Figures(7)  /  Tables(3)

Article Metrics

Article views(4240) PDF downloads(797)

ARTICLE   Open Access    

Screening of rootstocks with resistance to chilling and continuous cropping but without compromising fruit quality for protected watermelon production

Vegetable Research  2 Article number: 10  (2022)  |  Cite this article

Abstract: Chilling stress and continuous cropping obstacles limit sustainable production of watermelons under controlled environments. Grafting of watermelon scions onto resistant rootstocks is an effective strategy currently used to overcome these environment limitations. However, currently used commercial rootstocks adversely affect watermelon fruit quality. The chilling tolerance and Fusarium oxysporum f. sp. niveum race 1 (FON1) resistance of seven Cucurbit germplasms, including four watermelon germplasms (M08, TC, YL, and MY), two muskmelon cultivars (JT1 and JSM), and one commercial Cucurbita rootstock (QZ1) of watermelon, were explored in the current study. The effects of the rootstocks of these germplasms on watermelon resistance to chilling stress and continuous cropping obstacles were evaluated. TC rootstock showed the highest chilling tolerance and increased chilling tolerance of watermelon scion. All Cucurbit germplasms showed higher resistance to FON1 than watermelon cultivar N5 (control). Watermelons grafted onto QZ1 showed the lowest wilt incidence and highest fruit yield but had the worst fruit quality after planting on soils continuously cropped for 11 years. Watermelons grafted onto TC showed higher resistance and yield and the best fruit quality. These findings indicate that TC has a large potential for use in grafting watermelon planted in continuously cropped soils (< 10 years). TC can also be used as breeding rootstocks to improve watermelon resistance against continuous cropping obstacles without compromising fruit quality.

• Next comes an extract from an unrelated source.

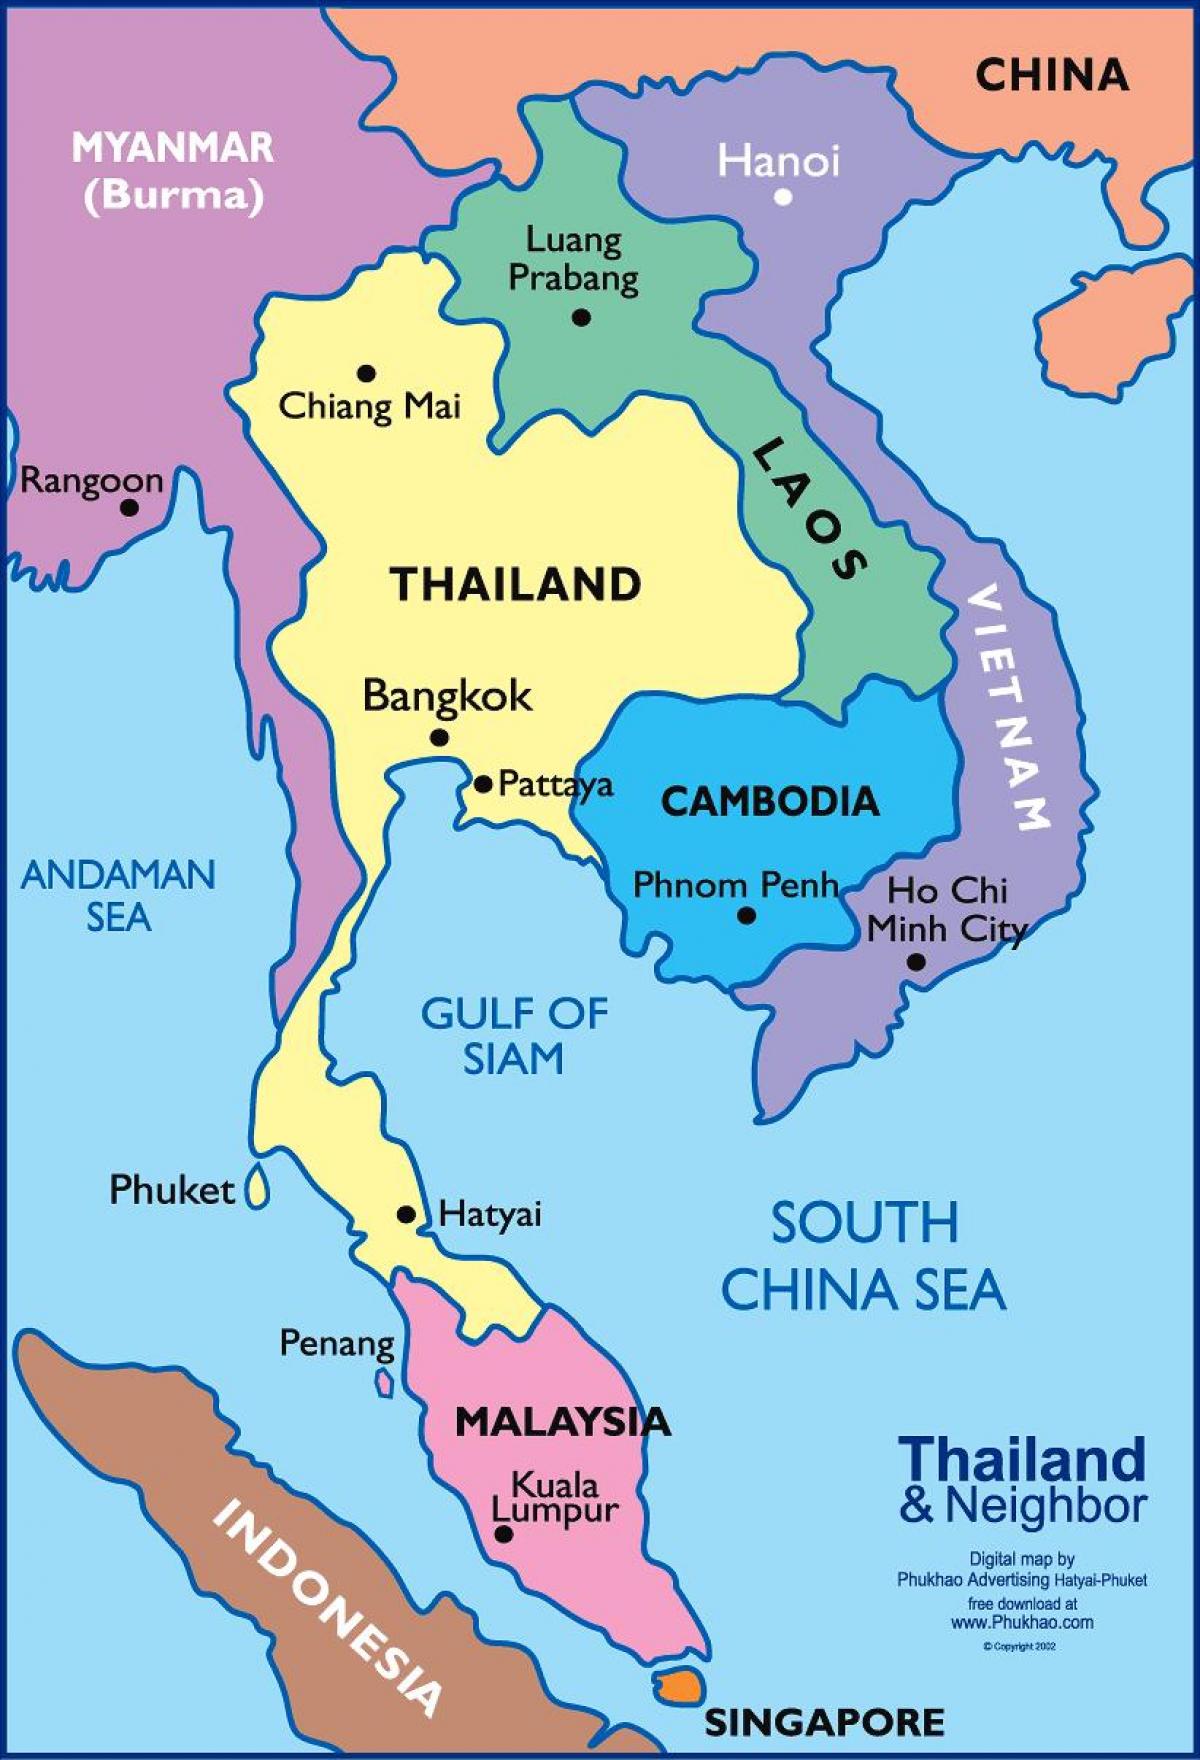 քարտեզը Բանգկոկի, որտեղից

    • Watermelon [Citrullus lanatus (Thunb.) Matsum. & Nakai] has high economic and nutritional value. It is widely grown as an important horticultural crop worldwide[1]. A report by FAOSTAT indicates that, worldwide in 2018, approximately 3.24 million hectares were used for watermelon production (www.fao.org). The yield of watermelons in 2018 was 103.93 million tons worldwide and the consumption per person was 13.62 kg, making it among the top five most consumed fresh fruits. China had approximately 1.51 million hectares of watermelon plantation and 43.32 kg of consumption per person in 2018. China is the largest watermelon producer and consumer globally. Demand for protected watermelon cultivation is increasing due to the increased economic benefits and increasing annual consumption of watermelon. In China, the area of protected watermelon cultivation currently accounts for over 50% of the total area used for watermelon cultivation.

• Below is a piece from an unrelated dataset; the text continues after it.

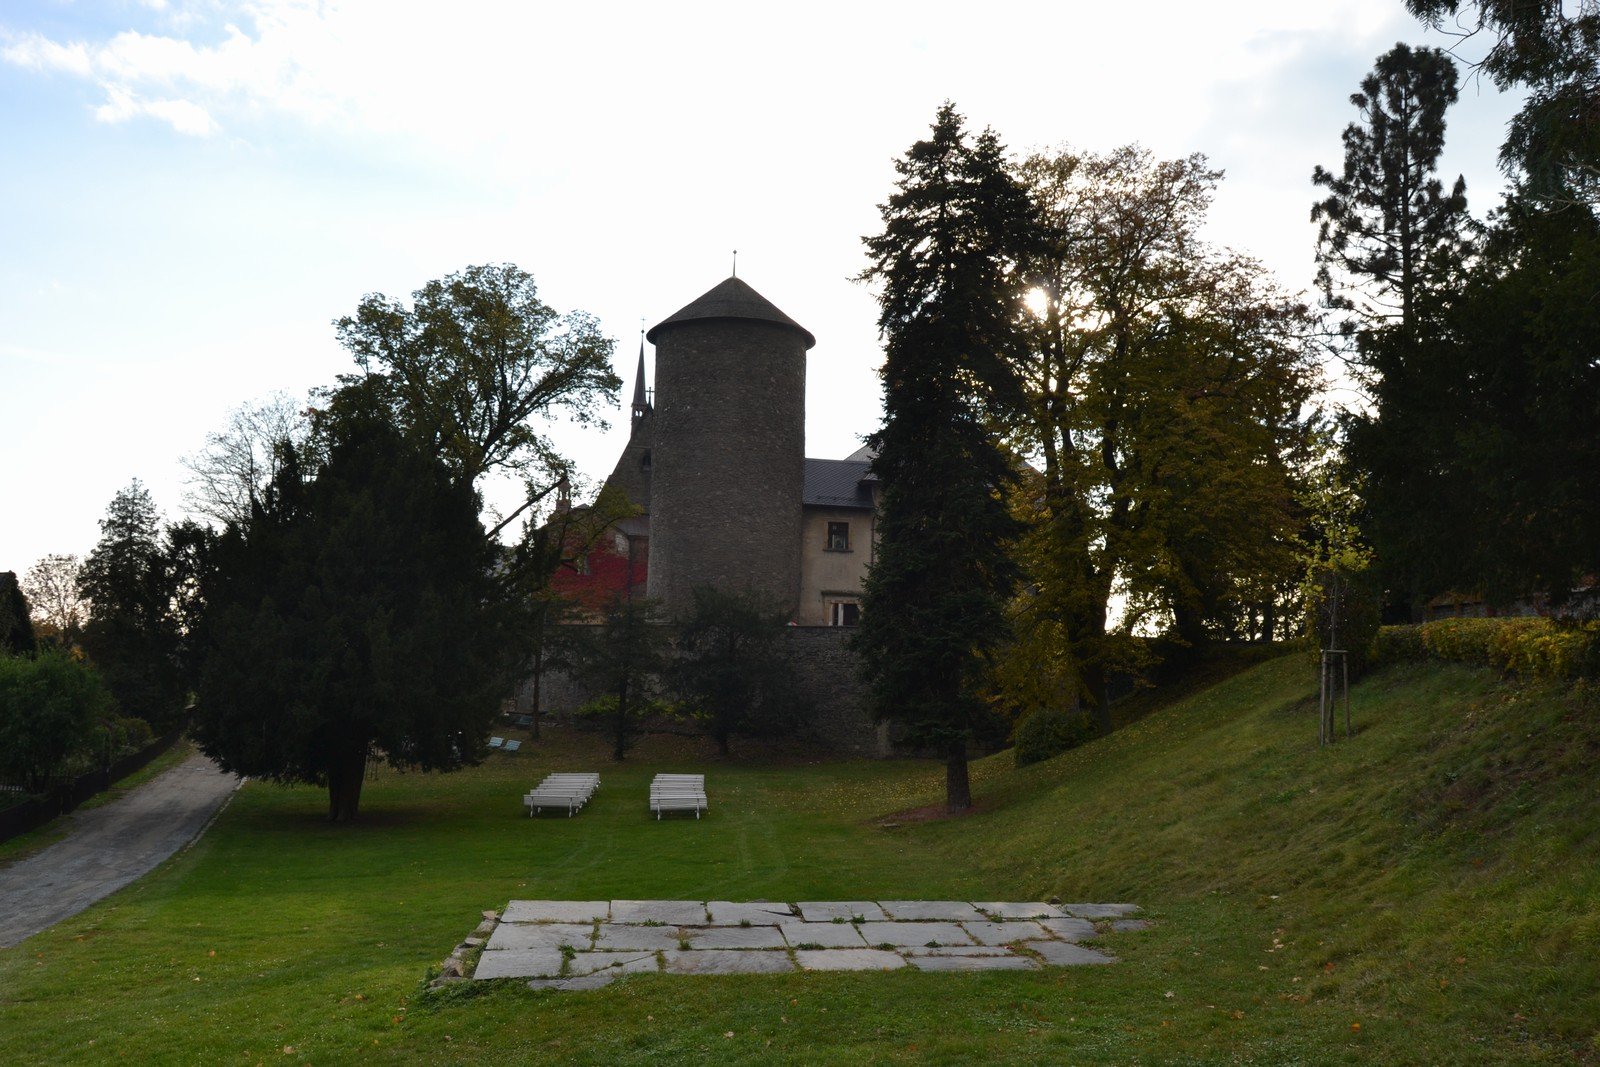 Castillo de Šternberk

      Watermelon crops are native to tropical and subtropical regions of Africa[2]. They are highly susceptible to low temperatures[3]. The optimum air temperature for watermelon growth and development ranges from 20 to 32 °C. Watermelon growth is inhibited by temperatures below 10 °C. Low temperatures below optimum, but above 0 °C, result in chilling stress[4]. Chilling stress inhibits photosynthesis and respiration, promotes membrane damage, and hormonal imbalance, leading to growth retardation, delay in flowering and fruiting, and results in decreases in total yield and fruit quality[57]. Therefore, chilling stress during winter and early spring significantly limits off-season production of watermelons under controlled environments[5].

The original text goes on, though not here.